Dataset entries

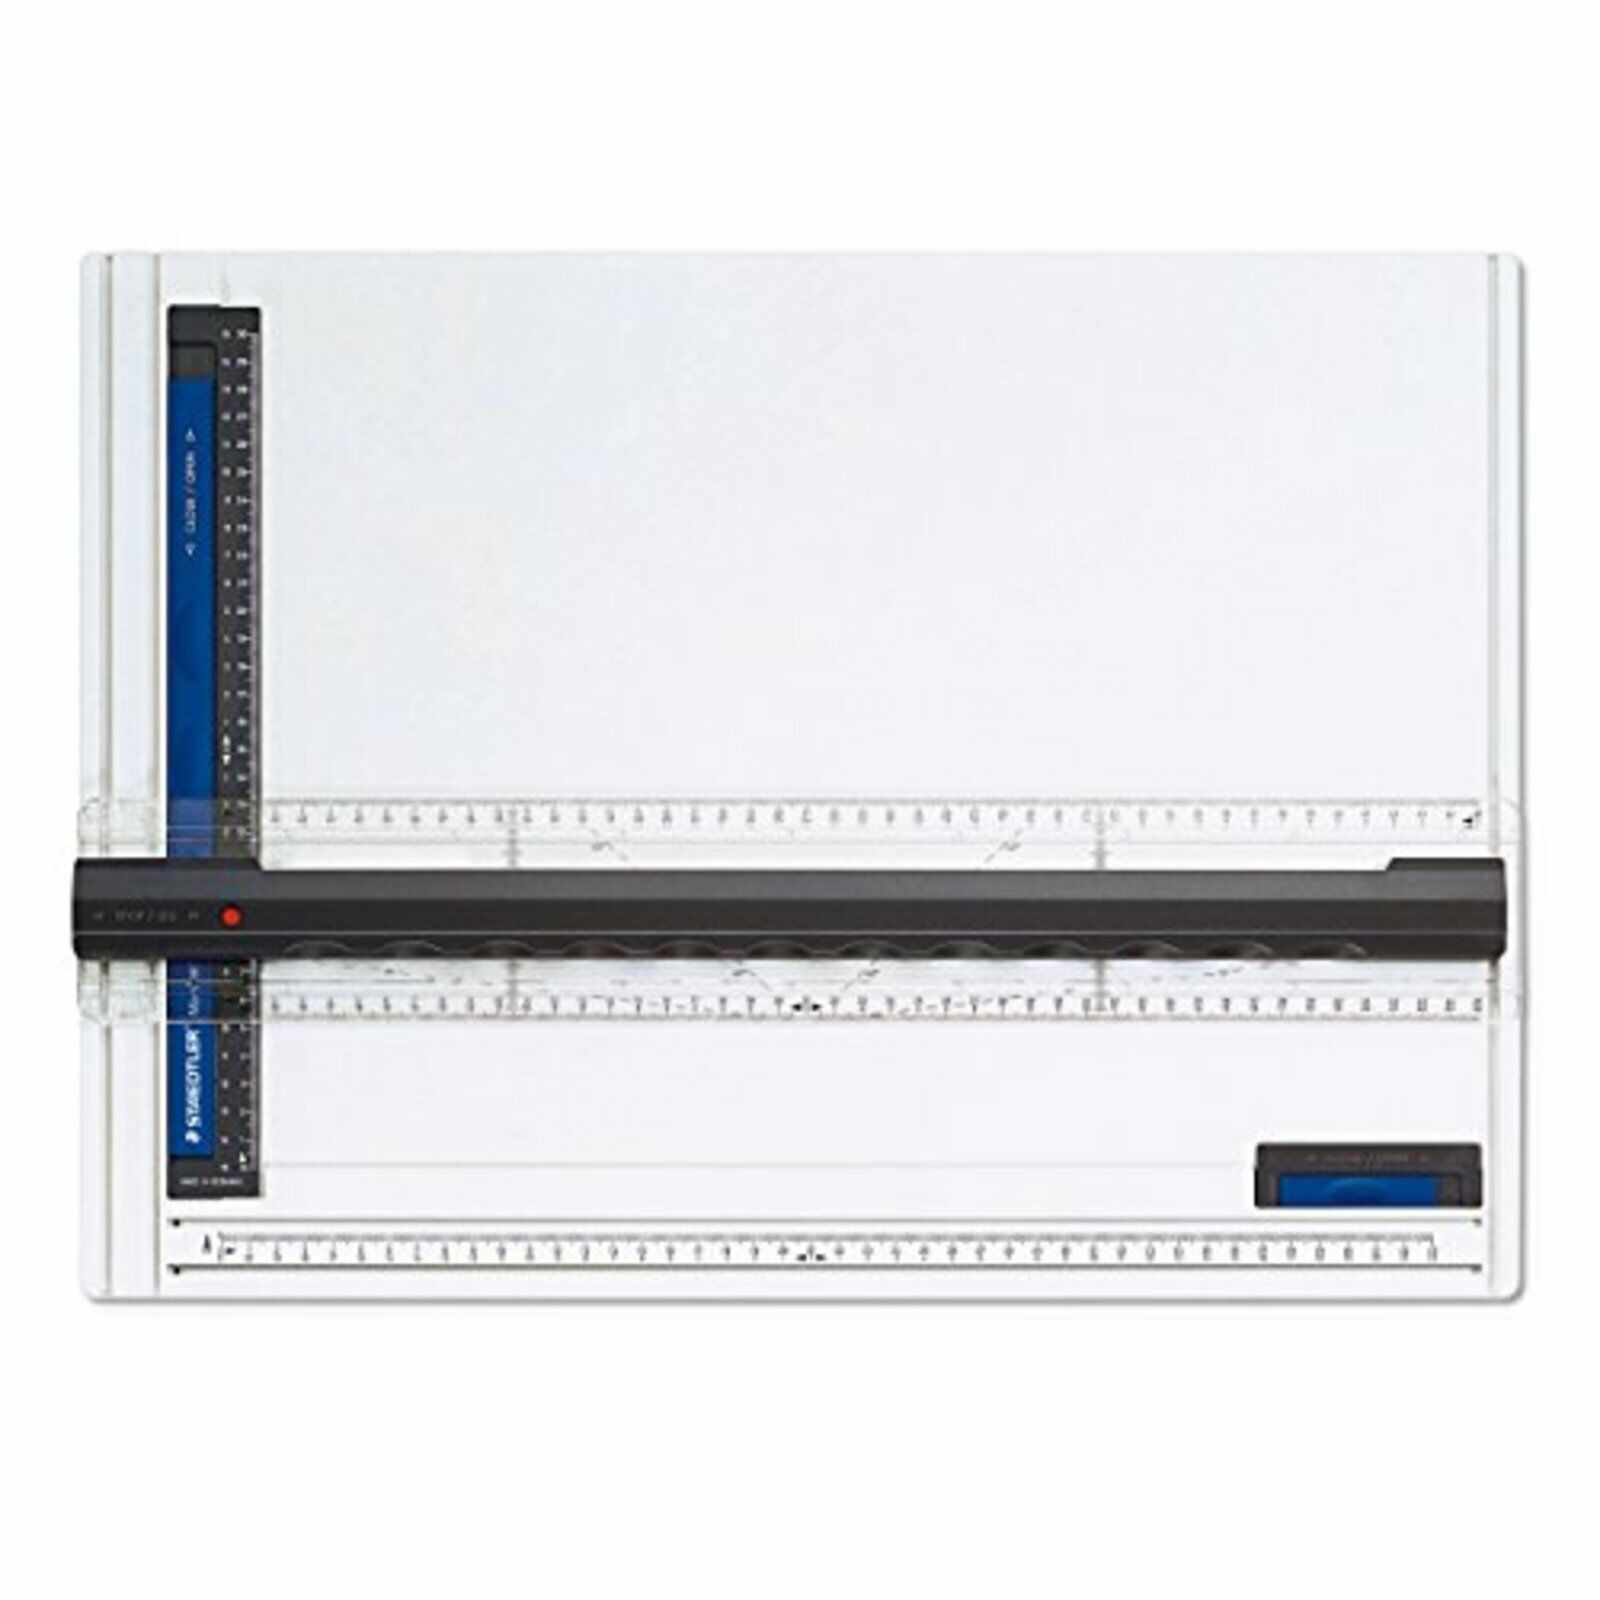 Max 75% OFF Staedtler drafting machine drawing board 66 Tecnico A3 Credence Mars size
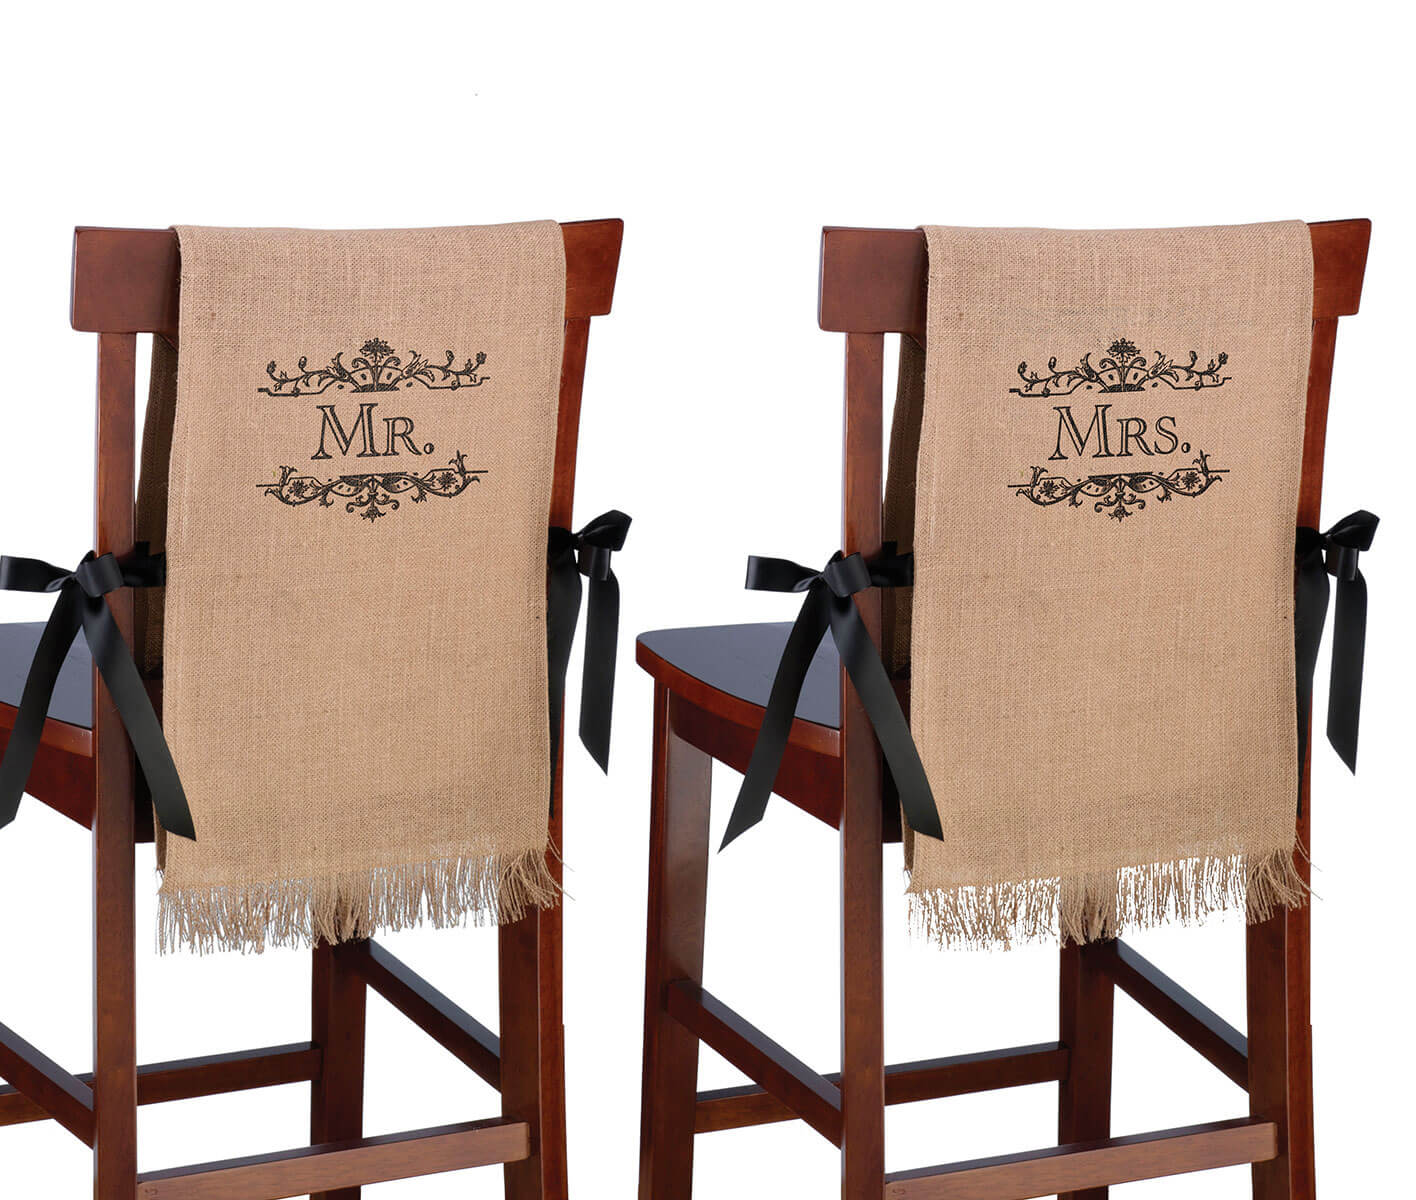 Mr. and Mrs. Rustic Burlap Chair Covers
==
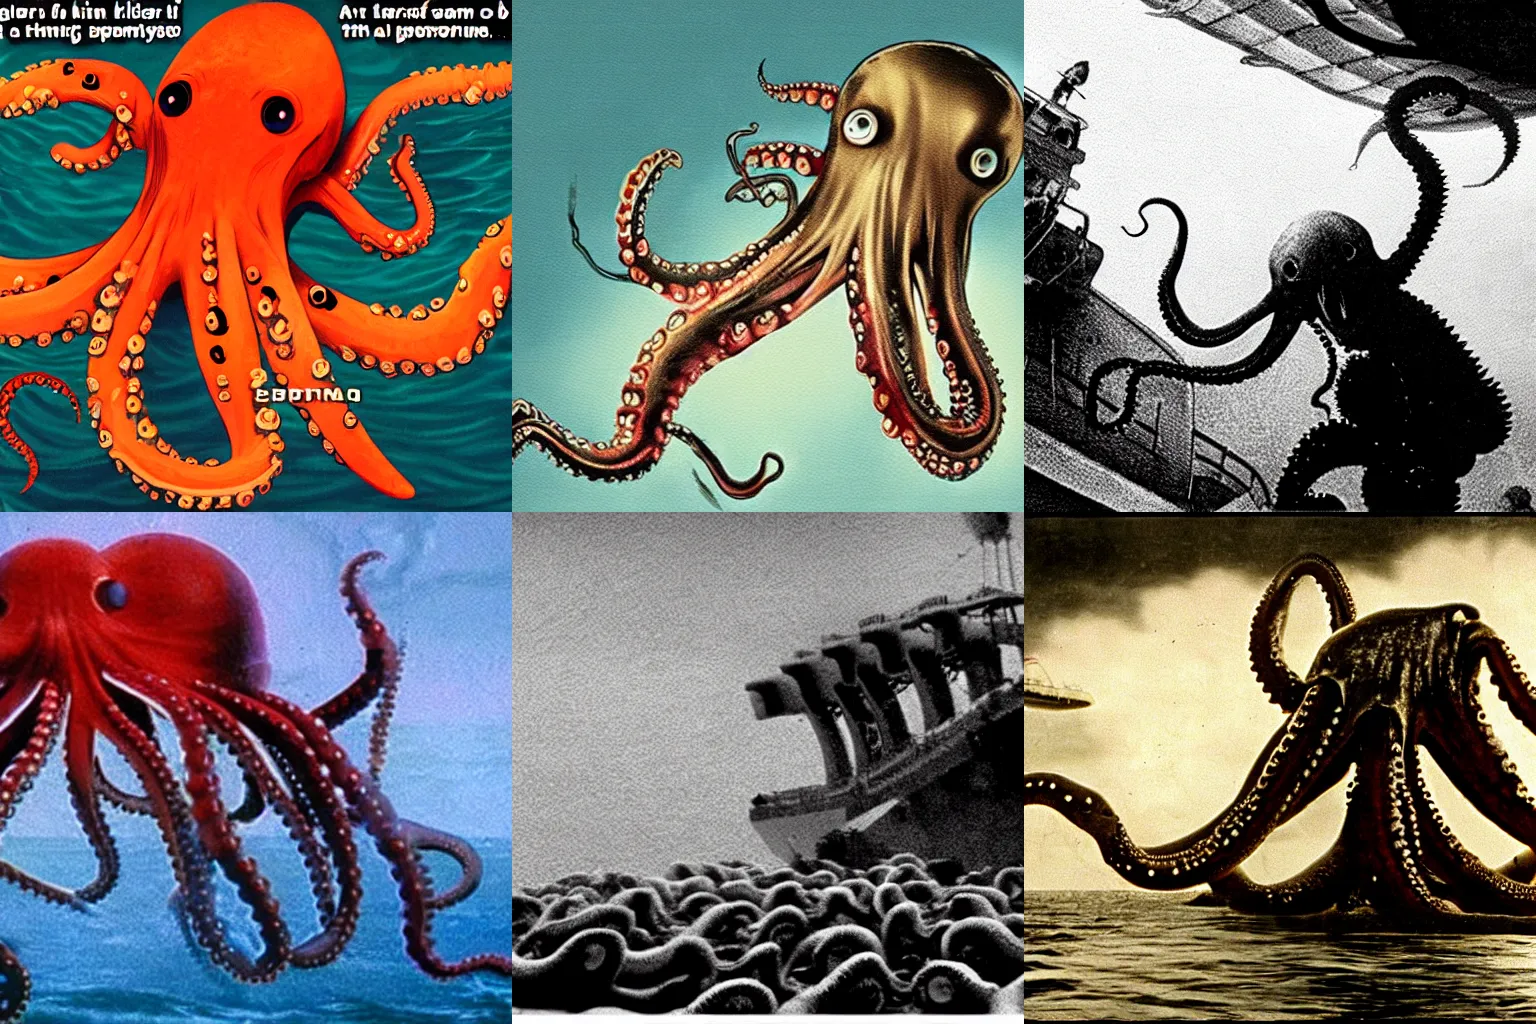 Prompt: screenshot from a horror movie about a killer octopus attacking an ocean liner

Problem to work on
Using the data above, set down each line from the line with "Max 75% OFF" to the line with "Mr. and Mrs. Rustic Burlap Chair Covers" exactly, both ends included, and leave the pictures behind. Nothing else belongs.

Result
 Max 75% OFF Staedtler drafting machine drawing board 66 Tecnico A3 Credence Mars size
 Mr. and Mrs. Rustic Burlap Chair Covers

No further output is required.